[Opening MATERIAL FOR THIS TASK section]
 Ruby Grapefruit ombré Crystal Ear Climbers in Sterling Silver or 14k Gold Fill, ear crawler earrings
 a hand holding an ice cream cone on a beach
[Closing MATERIAL FOR THIS TASK section]
[Opening MATERIAL FOR THIS TASK section]
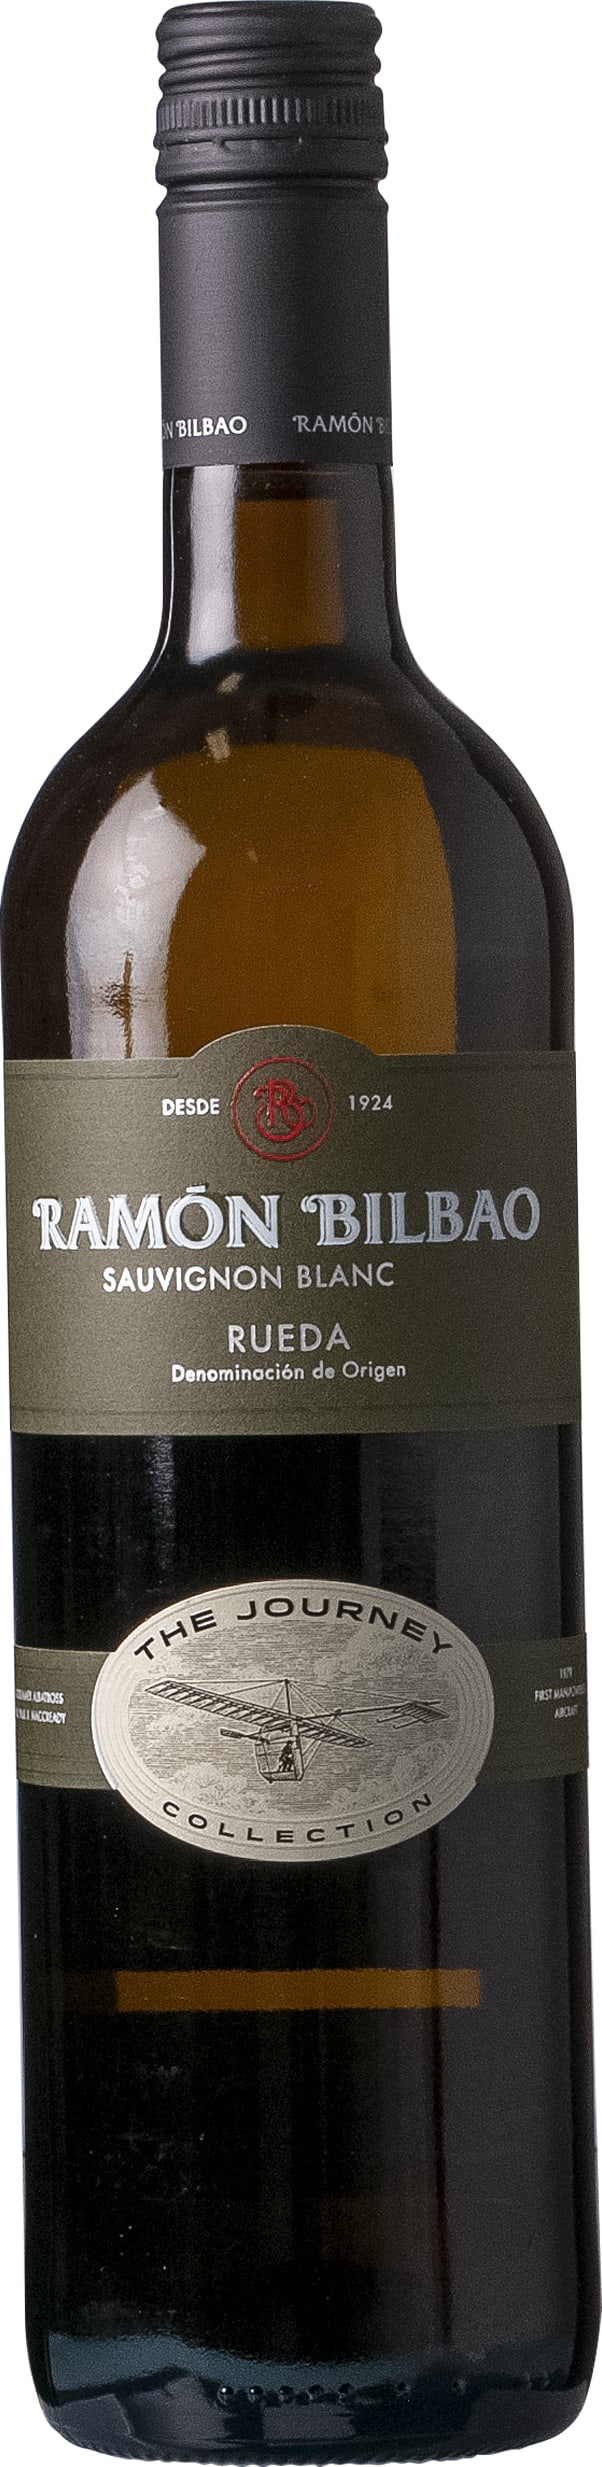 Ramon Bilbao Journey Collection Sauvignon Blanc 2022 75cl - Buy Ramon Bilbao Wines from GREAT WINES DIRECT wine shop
[Closing MATERIAL FOR THIS TASK section]
[Opening MATERIAL FOR THIS TASK section]
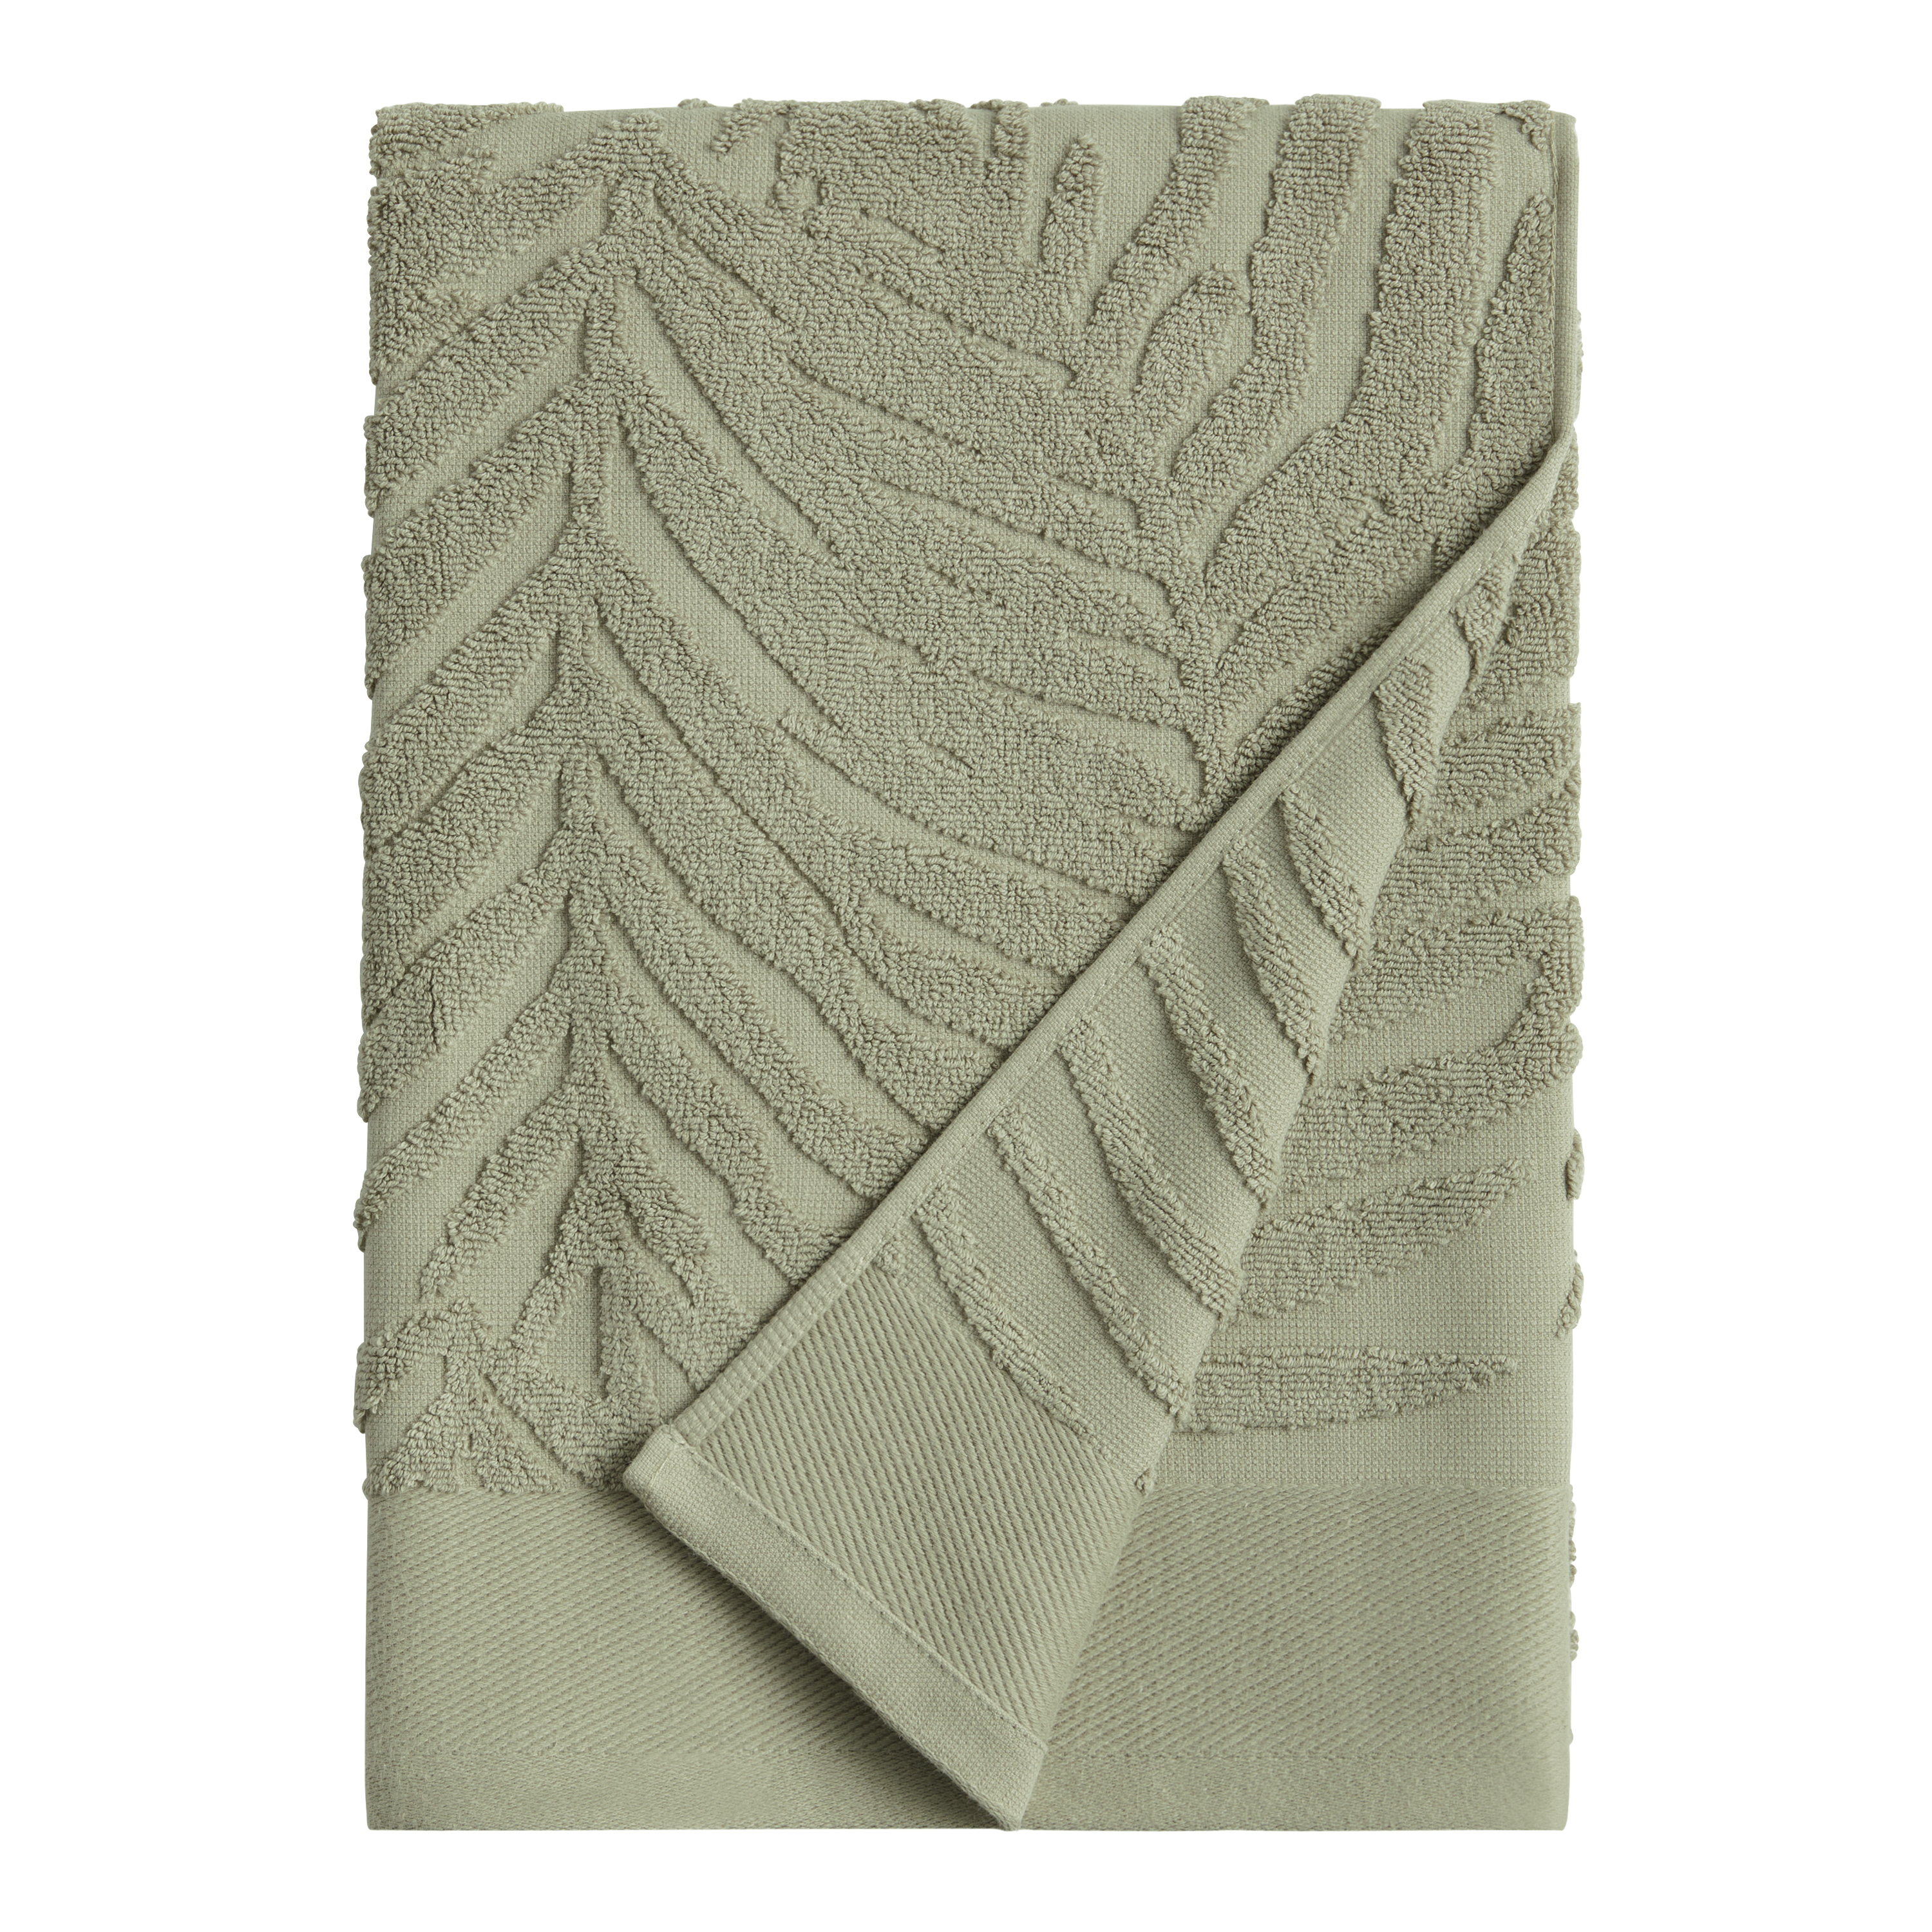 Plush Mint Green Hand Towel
[Closing MATERIAL FOR THIS TASK section]
Given the records above, return exactly the lines starting at the line containing "Ruby Grapefruit ombré" and ending at the line containing "a hand holding an ice cream cone on a beach", including both.

 Ruby Grapefruit ombré Crystal Ear Climbers in Sterling Silver or 14k Gold Fill, ear crawler earrings
 a hand holding an ice cream cone on a beach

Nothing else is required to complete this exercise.